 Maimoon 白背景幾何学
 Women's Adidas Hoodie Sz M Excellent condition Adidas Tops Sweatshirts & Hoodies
---
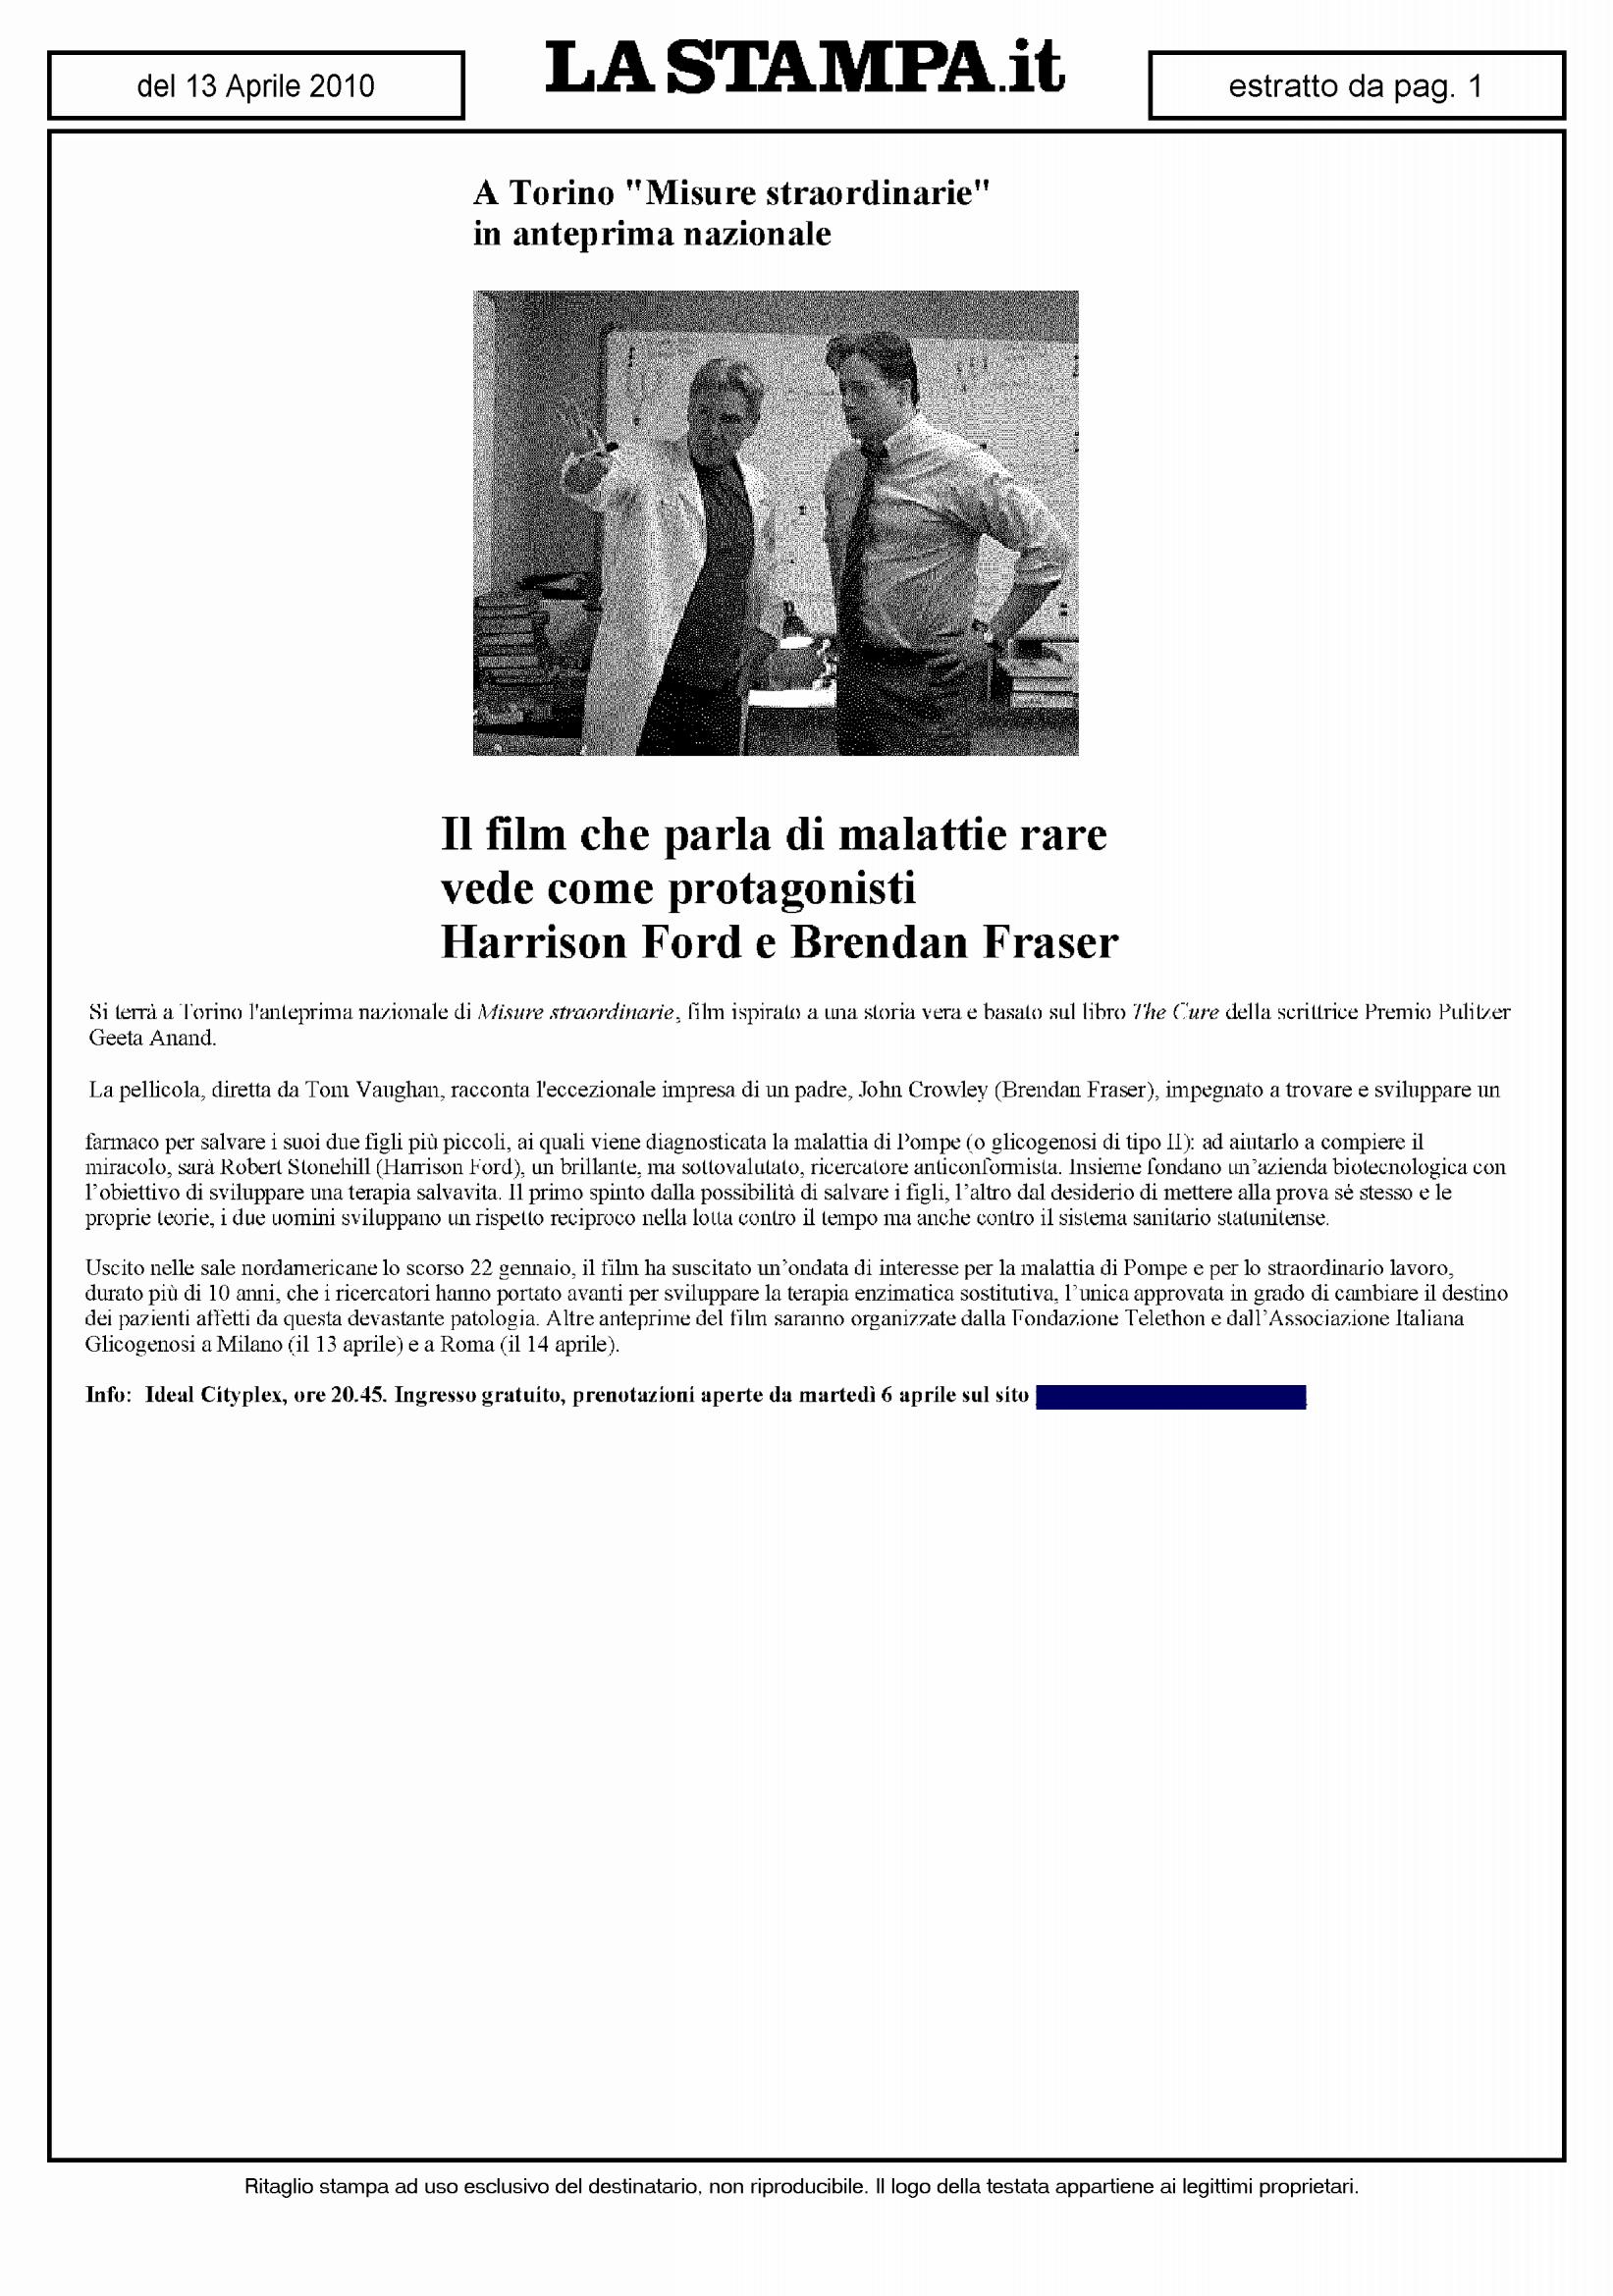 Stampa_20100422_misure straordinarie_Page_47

PROMPT — Of the lines above, extract only those from the line with "Maimoon 白背景幾何学" to the line with "Women's Adidas Hoodie", both included, exactly as written.

SOLUTION —
 Maimoon 白背景幾何学
 Women's Adidas Hoodie Sz M Excellent condition Adidas Tops Sweatshirts & Hoodies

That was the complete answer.